- _Stored data_:
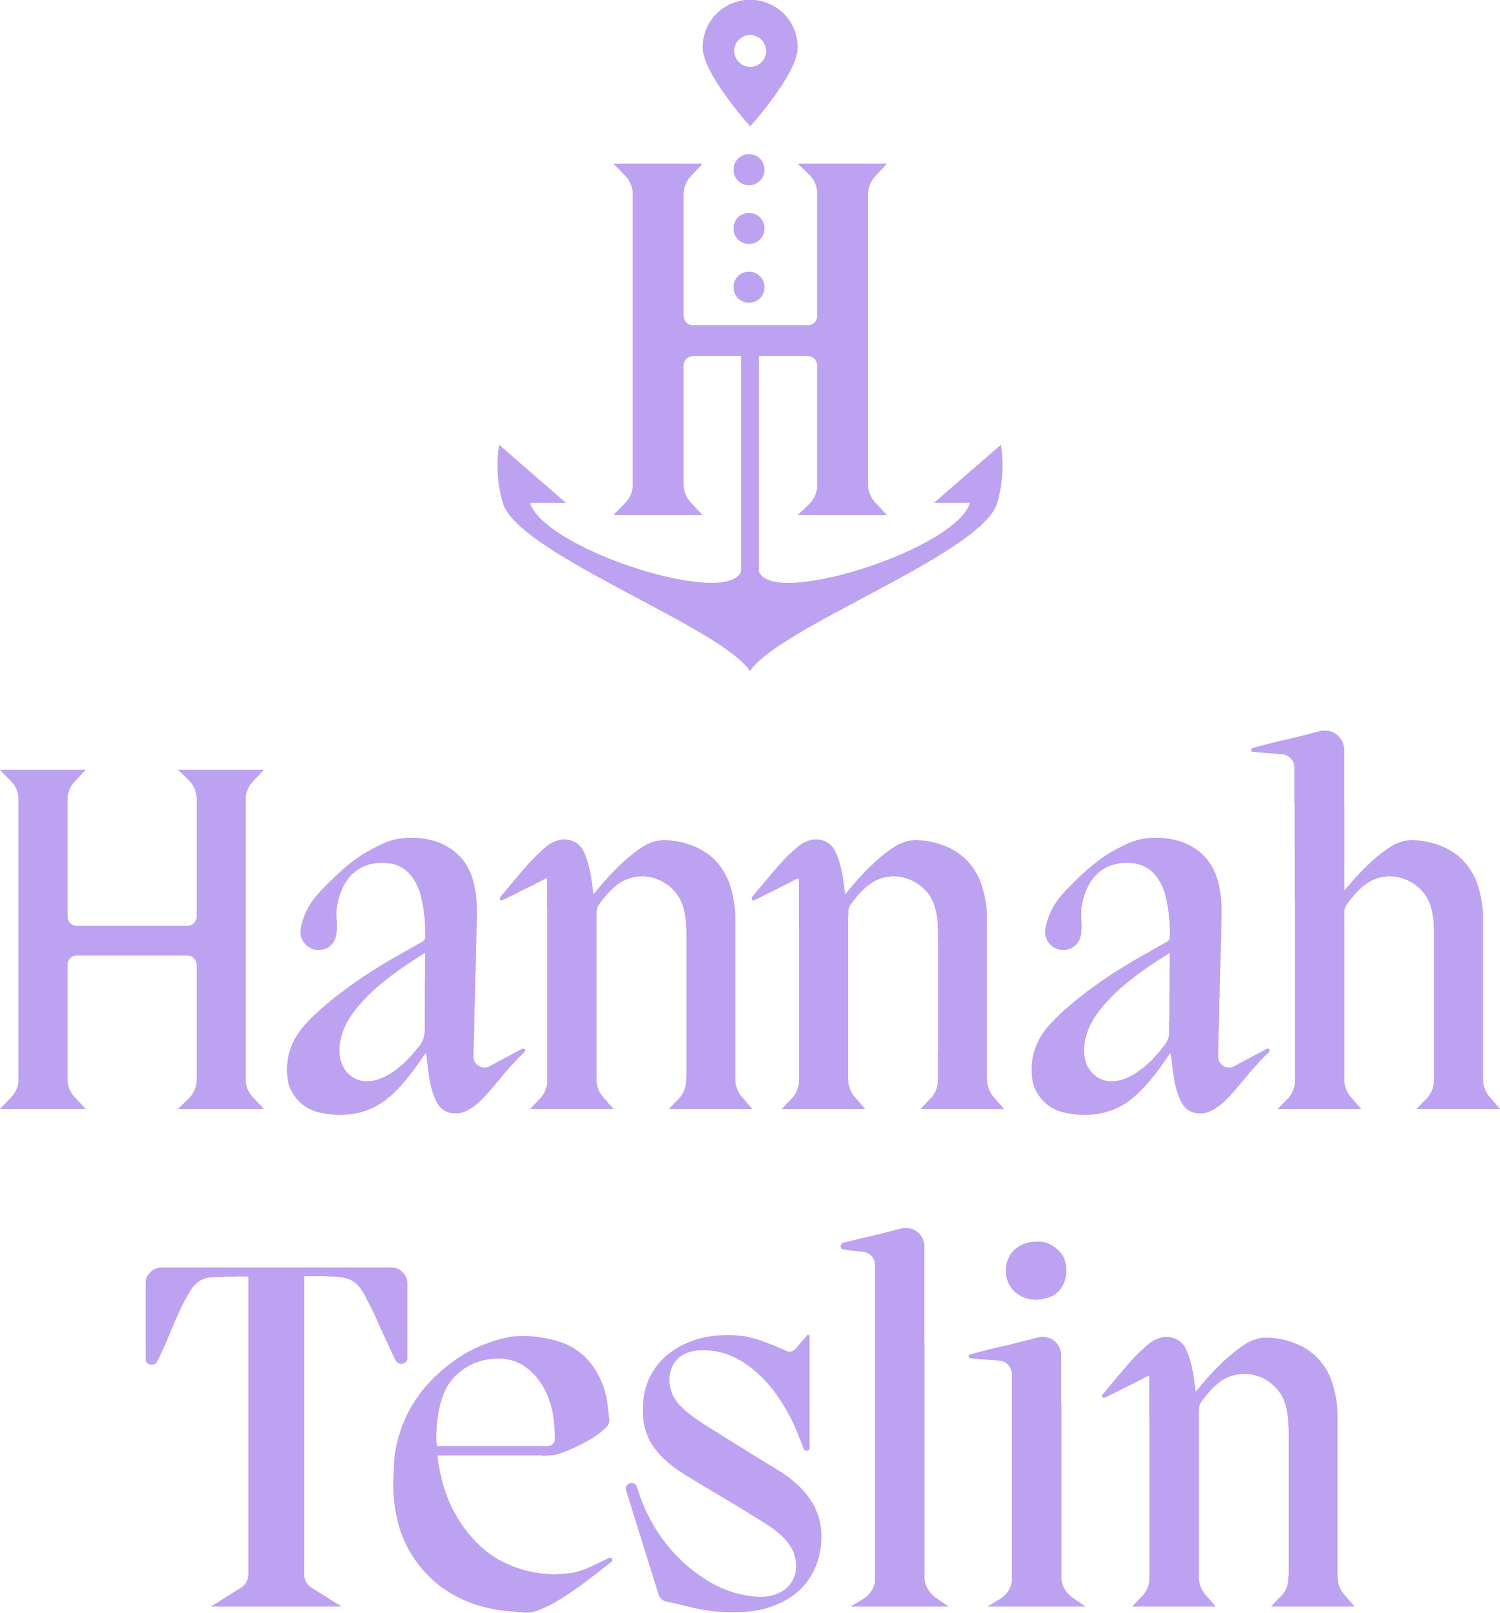 Hannah Teslin
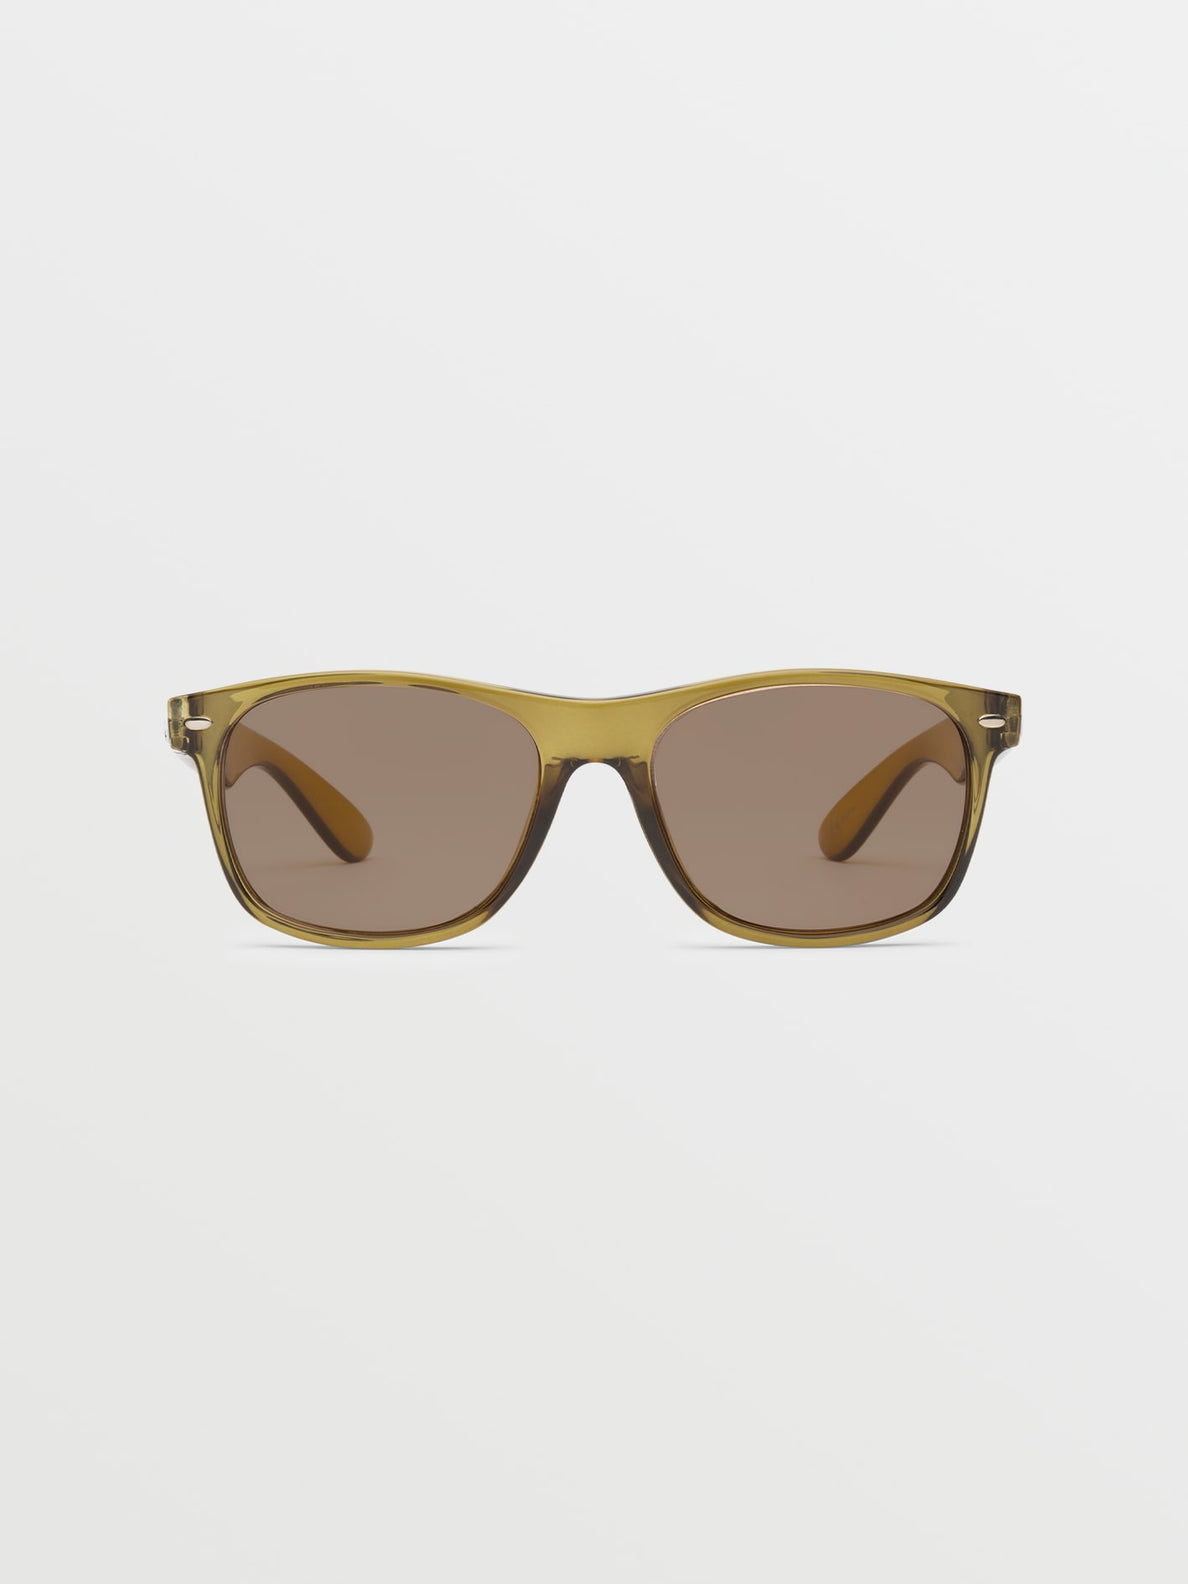 Gafas de sol Volcom Fourty6 Sunglasses - Gloss Olive/Light Bronze | Gafas de sol | Volcom Shop | surfdevils.com
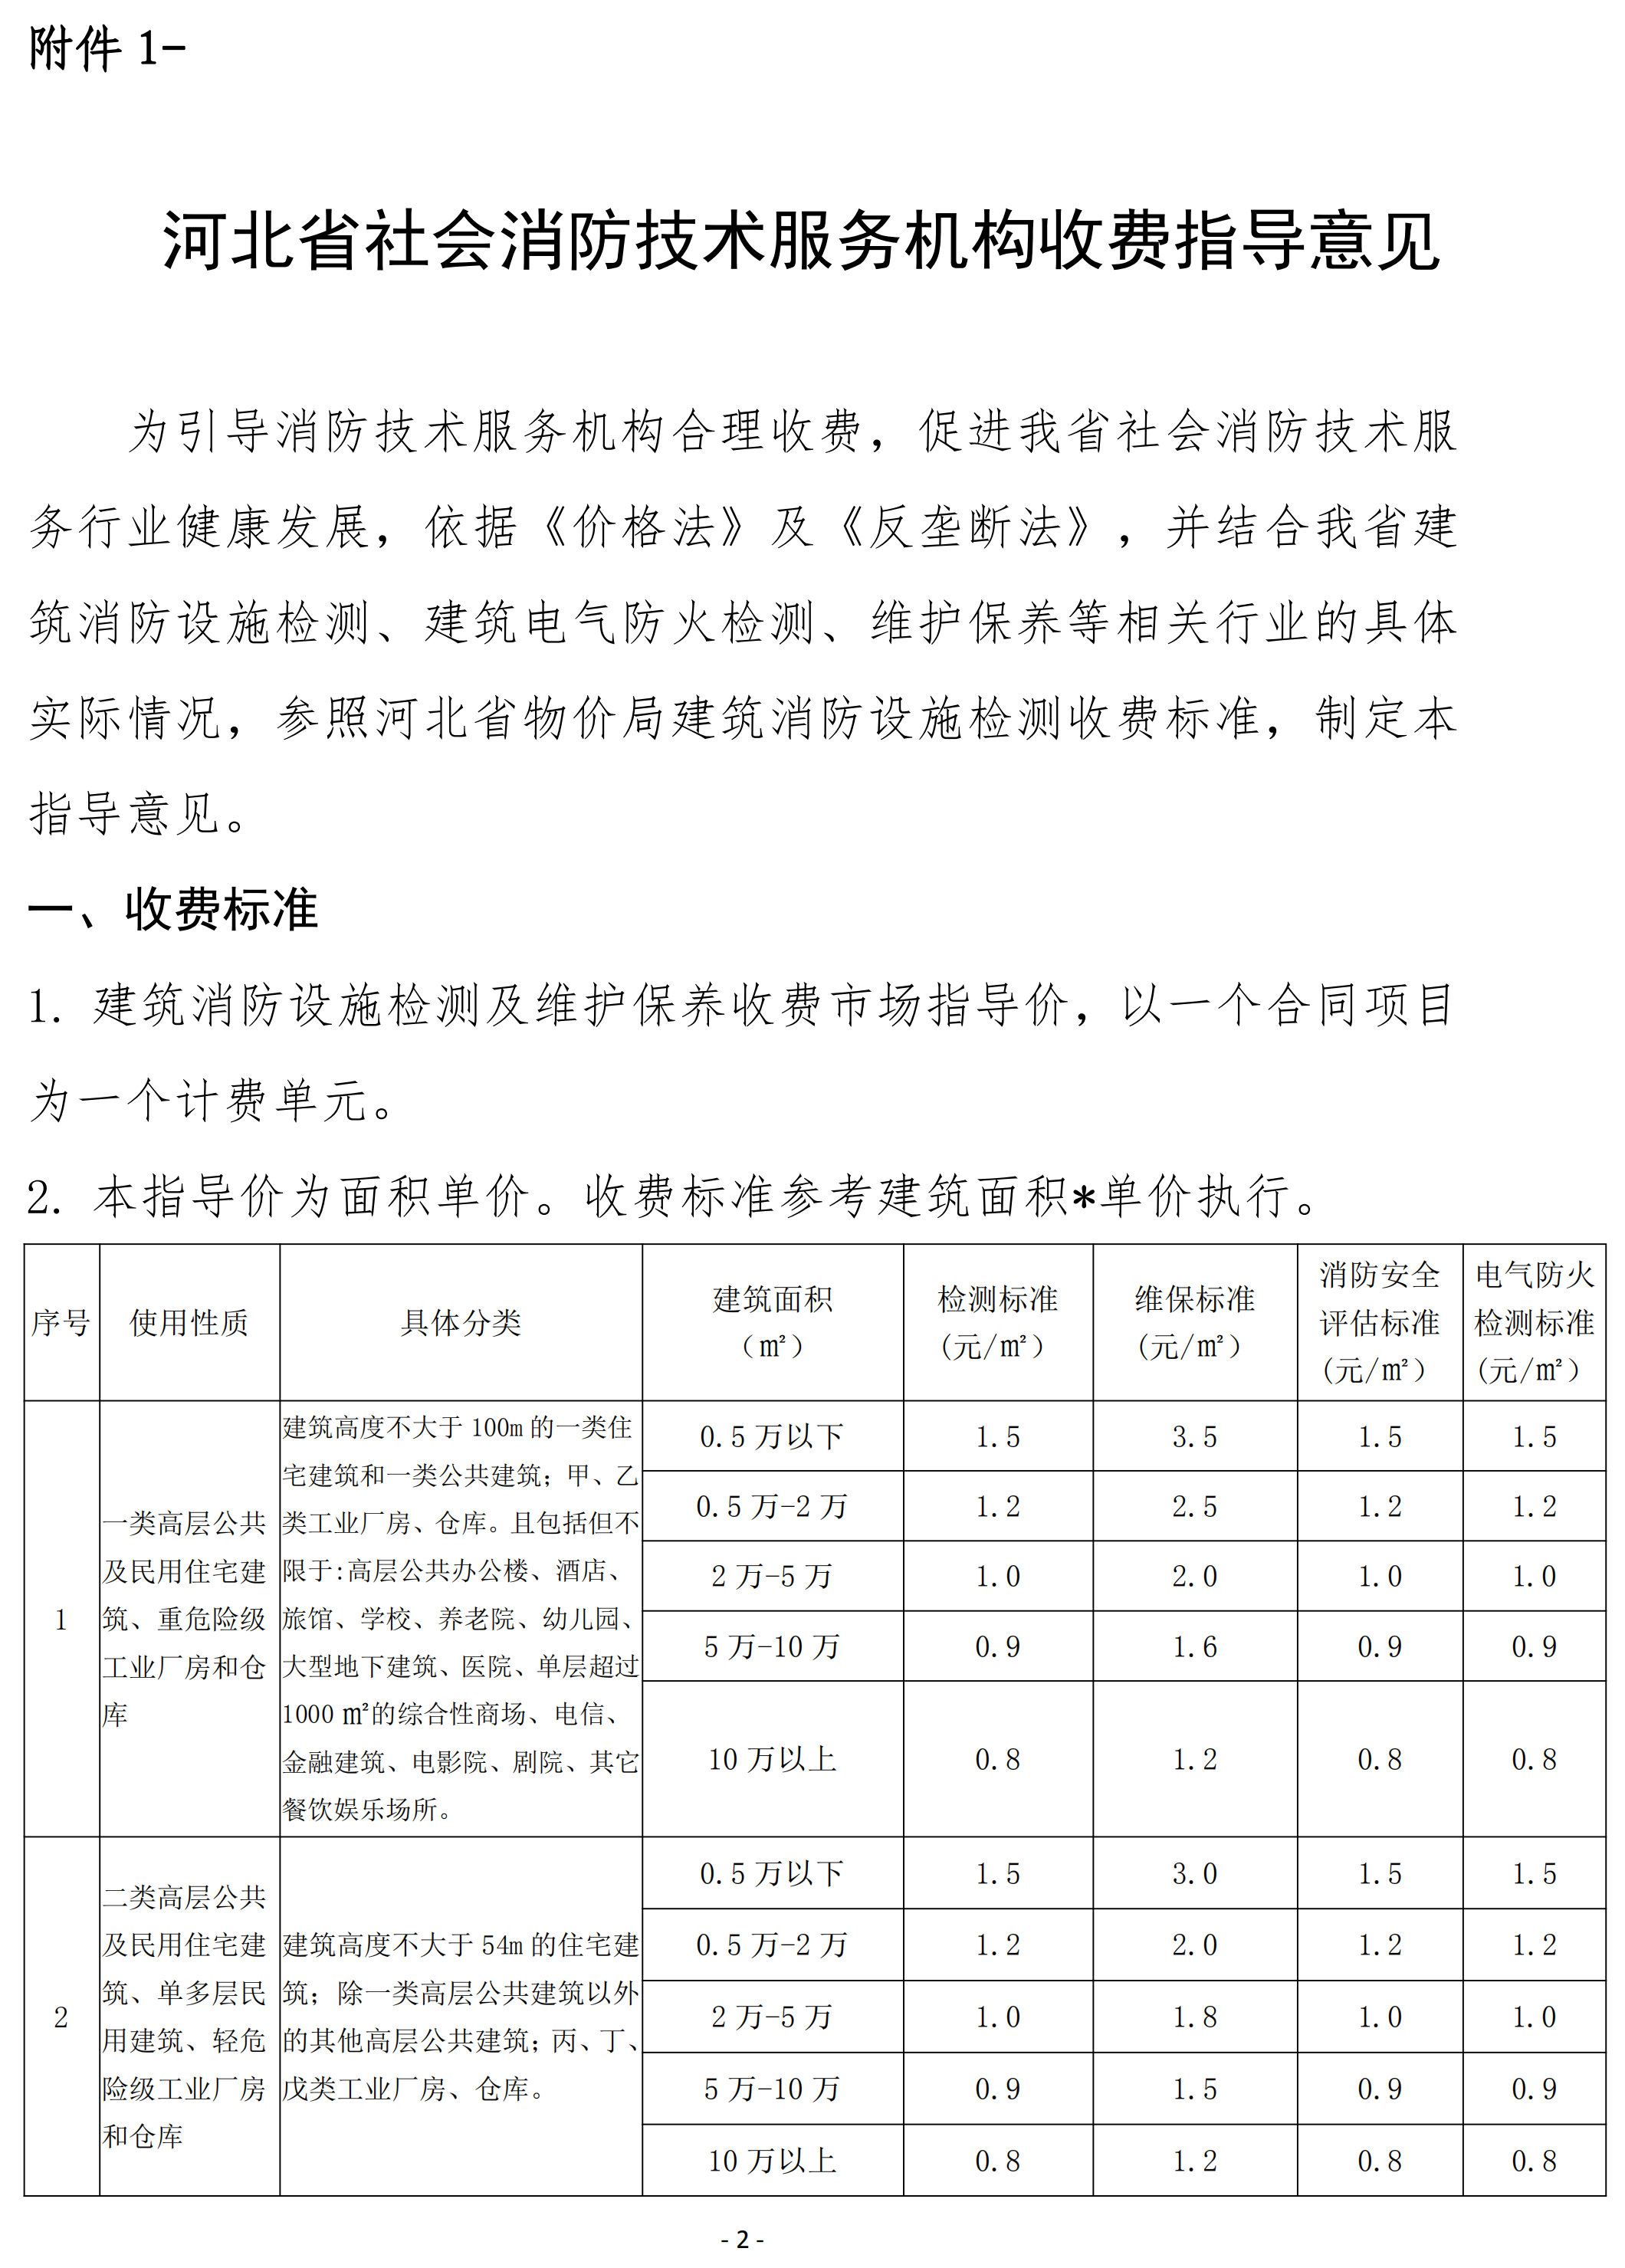 河北省社会消防技术服务机构收费指导意见

- _What is required_:
I'd like the data above duplicated exactly, with no pictures included.

- _Written response_:
 Hannah Teslin
 Gafas de sol Volcom Fourty6 Sunglasses - Gloss Olive/Light Bronze | Gafas de sol | Volcom Shop | surfdevils.com
 河北省社会消防技术服务机构收费指导意见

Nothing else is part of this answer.